The Kanawha Salt Company

In 1755, a Shawnee Indian raiding party stopped at the Kanawha salt springs with some captive pioneers from Virginia. The Shawnees boiled brines in a kettle in order to obtain salt to carry back to Ohio with them. A captive later escaped to tell the story, and in 1774, members of Andrew Lewis' army stopped here on their way to fight Indians in Ohio at the Battle of Point Pleasant. The pioneers' victory at the Battle of Point Pleasant began the settlement of the Kanawha Valley and an increase in the importance of the Kanawha salt springs.

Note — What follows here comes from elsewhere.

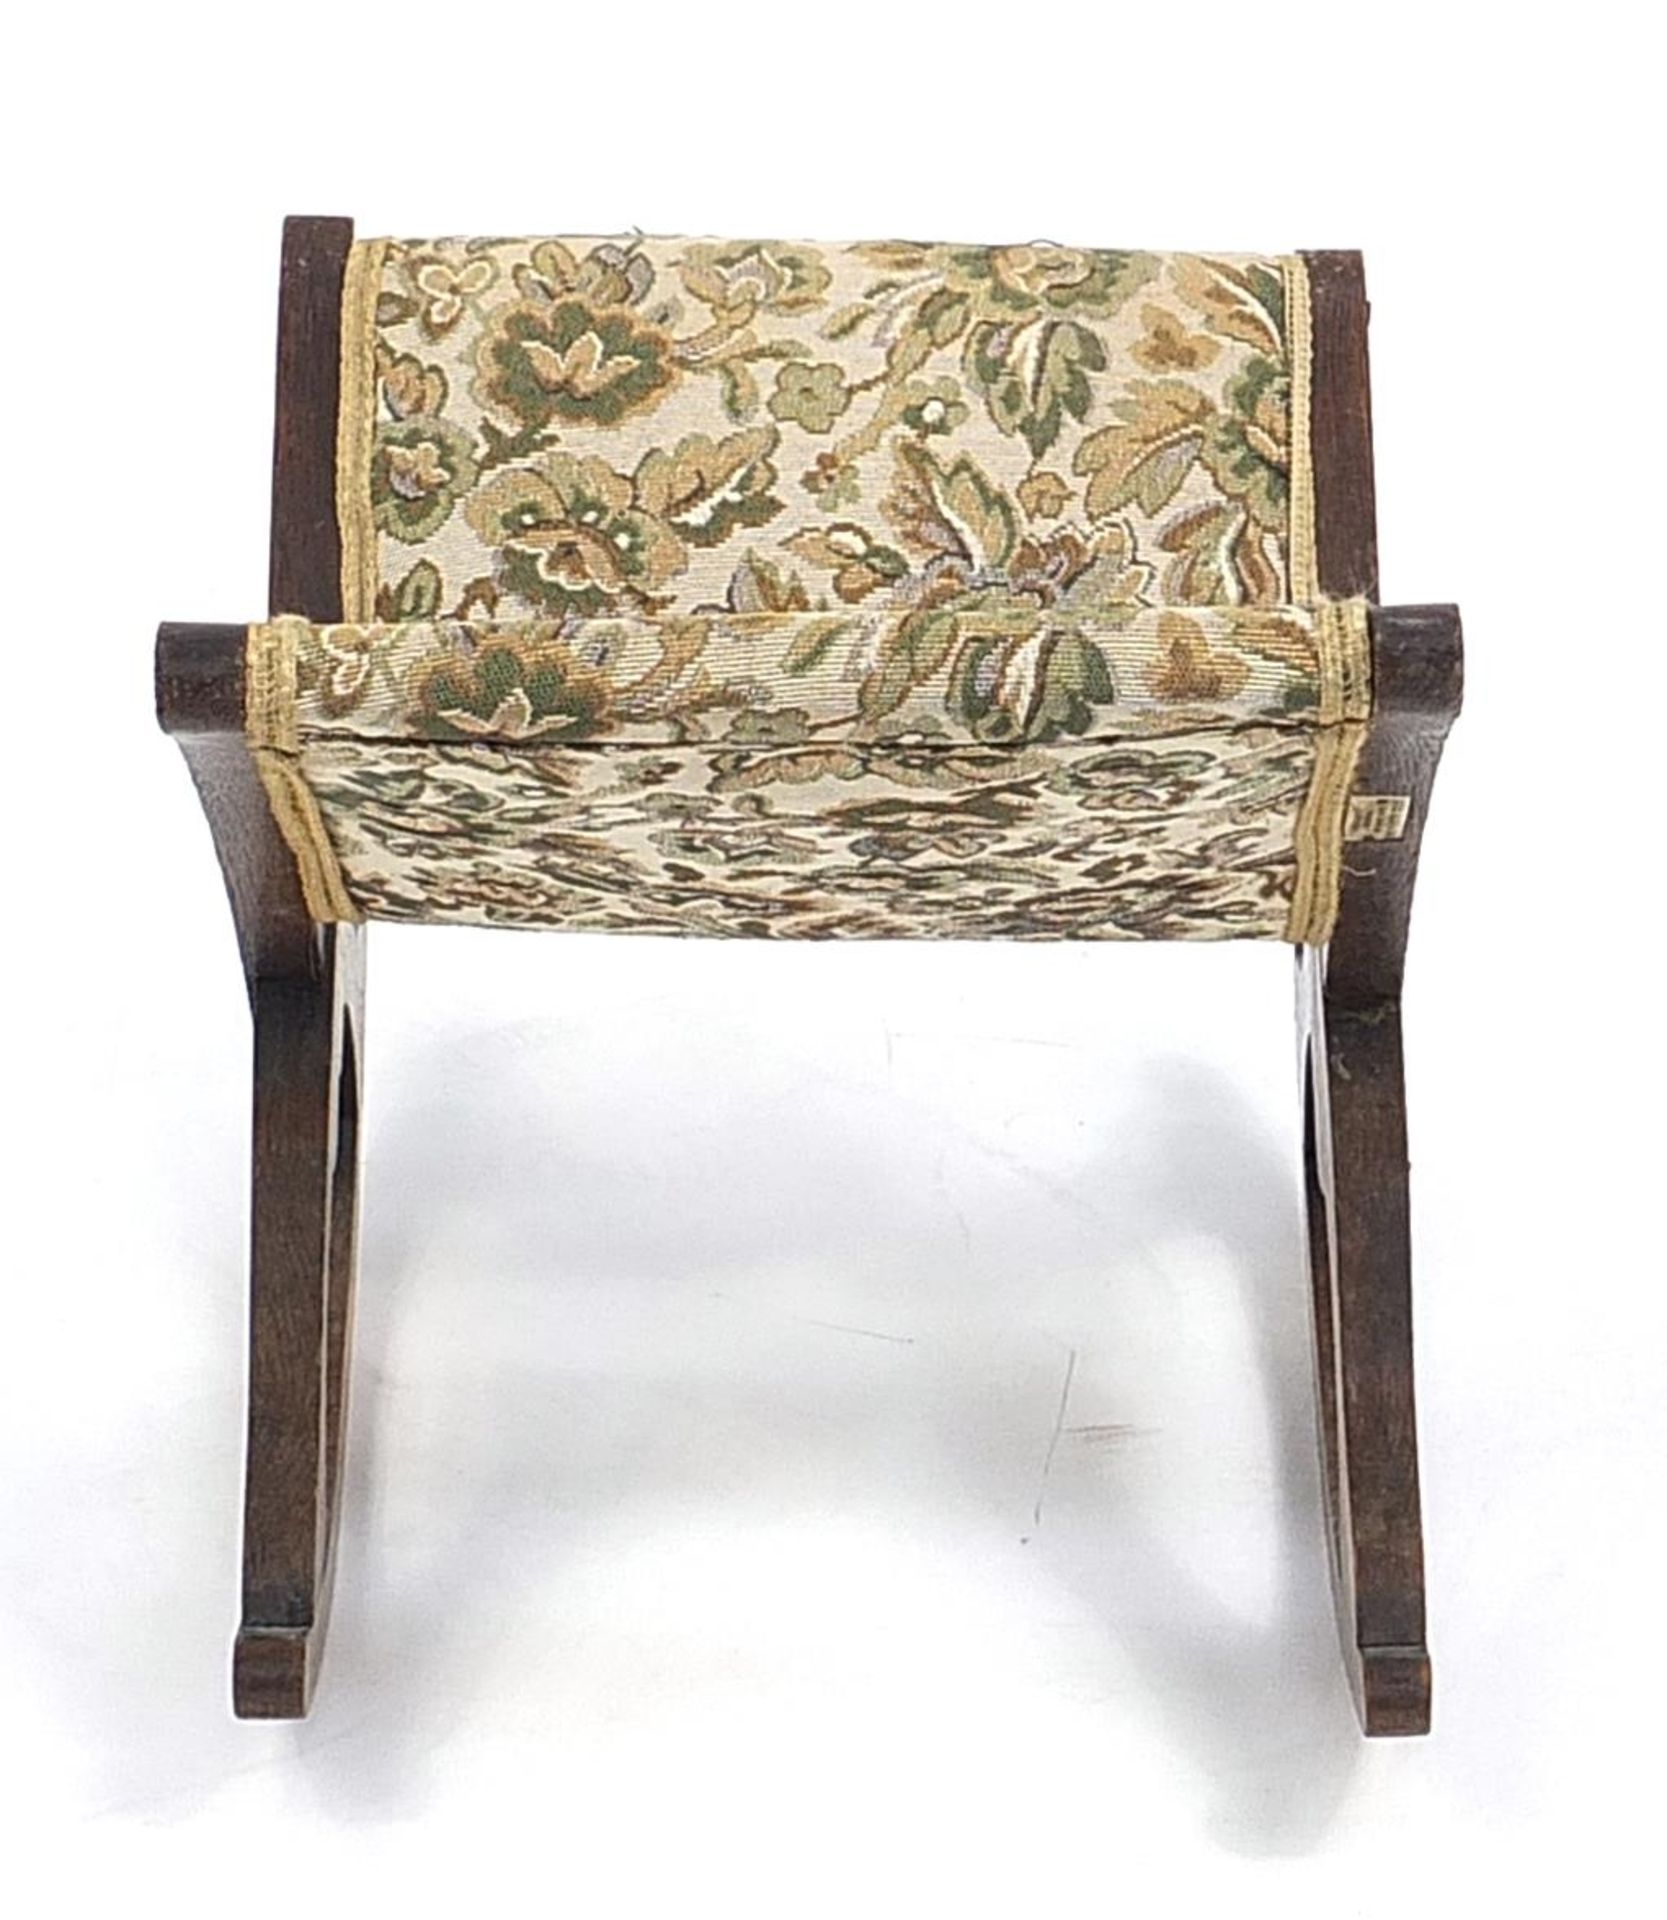 Oak floral upholstered rocking footstool, 60cm high - Image 3 of 4

In 1797, Elisha Brooks erected the first salt furnace in the Kanawha Valley at the mouth of Campbell's Creek. He produced as much as 150 bushels of salt a day and sold it to settlers to be used for curing butter and meats. By 1808, David and Joseph Ruffner succeeded in drilling to 59 feet, where they secured a good flow of strong brine. Also in that year, the first salt was shipped west, by river, on a log raft. A younger Ruffner brother, Tobias, suspected that a vast saline reservoir existed under the Kanawha Valley and, drilling to a depth of 410 feet, tapped an even richer brine. This discovery set off a veritable frenzy of drilling and by 1815 there were 52 furnaces in operation in the "Kanawha Salines." In 1817, David Ruffner experimented with the use of coal in his furnaces, and soon all saltmakers had switched from wood to coal. The saltmakers formed a "trust," the Kanawha Salt Company, in order to regulate the quality and price of salt and to discourage foreign competition. This was the first "trust" in the United States. This cooperative helped the salt industry grow until it reached its peak in 1846, producing 3,224,786 bushels that year. At that time, the Kanawha Valley was one of the largest salt manufacturing centers in the United States. In 1861, the Kanawha Valley was flooded. By the late 1800s, because of the 1861 flood and because of Civil War destruction, the Dickinson furnace at Malden was the only survivor of the Great Kanawha River salt industry.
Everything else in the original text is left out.